Some have suggested that the word “rules” in this article specifically refers to inheritance rights (which give men twice more than women), others that it is designed to block the eventual legalisation of gay marriage, others still that it underlines the man’s responsibility to provide for his family – which is not the case, de facto, since 35 per cent of Egyptian families are supported by female members.

“In this case, these matters should be spelled out rather than alluded to in a confusing text that violates the constitutional principle of full equality among all citizens irrespective of gender, ethnic or religious affiliation. What we are seeing today is a serious setback on the march to securing women’s basic rights in society,” Mekkawie lamented.

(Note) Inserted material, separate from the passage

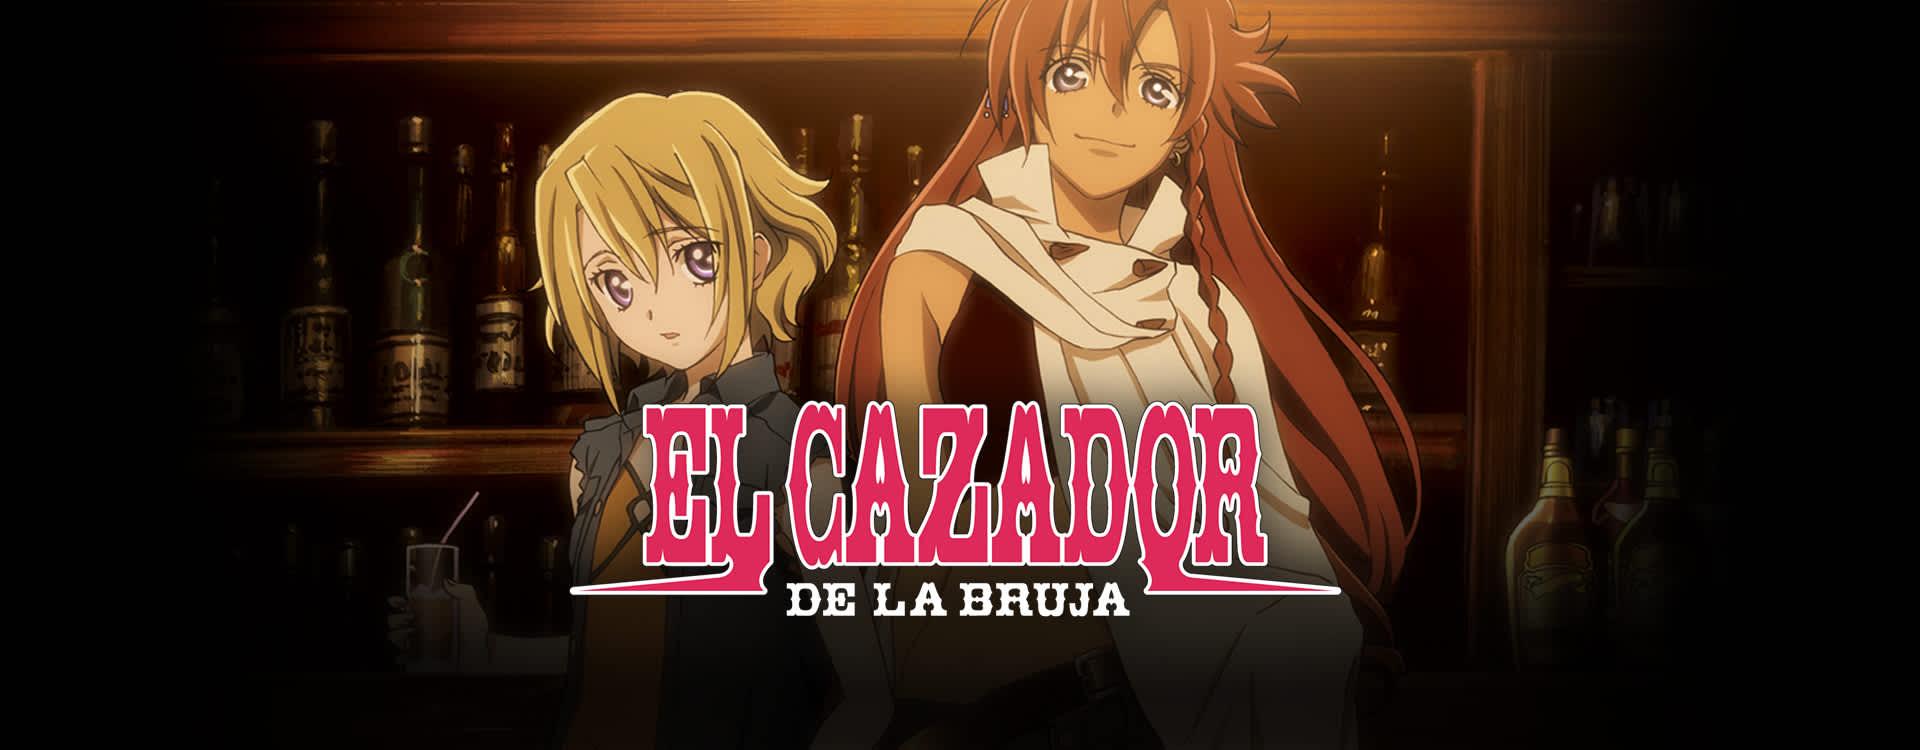 Watch El Cazador de la Bruja English Subbed in HD at Anime ...

No reference to “rules” was made in any constitution since the first in 1923; nor was there any in the 1971 constitution, which had been applied (with amendments) until its suspension following Mubarak’s ouster.

The call for equality and support for the political and developmental role of women are clearly stipulated in all these constitutions, but they were particularly stressed in the constitutions made under Gamal Abdel-Nasser, the leader of the 23 July Revolution.

Indeed, according to a paper produced last month by the Feminist Organisations Coalition, with the exception of the Salafist Nour Party, the programme of almost every political party, Islamist as well as otherwise, including that of the Freedom and Justice Party to which the president subscribes, includes a clear reference to the need for supporting women’s equal rights in society.

Mekkawie finds no satisfactory argument made in support of the proposed language of Article 29 of the constitution that “calls on the state to prohibit” rather than directly incriminating human-trafficking.

During the last few years of Mubarak’s rule, former first lady Suzanne Mubarak took it upon herself to promote the cause of stopping human-trafficking, even as endless “summer marriages” between older oil-rich Arab holiday-makers and Egyptian girls as young as 14 years old continued.

Even the harshest critics of the former first lady, who argue that she approached the topic without going deep enough into its substance, insist that it was still better to have the state opposed to human trafficking, child marriages and FGM. A national campaign launched for these three causes has been abruptly suspended. Instead, members of the FJP, including a woman advisor to the president, have been caught in controversies over press statements supporting FGM.

An attempt to get rid of anti-FGM laws was conducted by some members of the dissolved parliament but eventually stopped thanks to Al-Azhar. “It was shocking to hear some calling for the elimination of this law but it was reassuring to have Al-Azhar step in with its moderate, tolerant and humanitarian interpretation of Islam,” Mekkawie says, “the one that Egypt had always embraced.”

Yet Mekkawie does not seem too confident that the call for eliminating the “firmly discriminatory language” will be heeded. Work against discrimination, she says, will continue anyway. Currently she is lobbying to secure a chapter-based referendum on the constitution.

“We should not be voting yes or no on the entire set of chapters; we should be allowed to vote yes for some and no for others if we so wish,” she says. Should this be the case, Mekkawie is hopeful that the chapters including discriminatory language against women would be dropped, especially if the appeal made by some to condition the approval of any constitutional material on the agreement of 75 per cent of the eligible voters is successful.

The Feminist Organisations Coalition paper supports the expectations of Mekkawie, with an opinion poll reflecting keenness among women of different socio-economic, political and religious affiliations to pursue more and not fewer rights and to come closer to equality with men.

“The main demands of the 25 January Revolution were liberty and equity; we should not lose sight of these goals,” Mekkawie argued. She added that if society is truly dedicated to building a modern state, “then we all have to agree that the role of women as well as men is desperately needed.”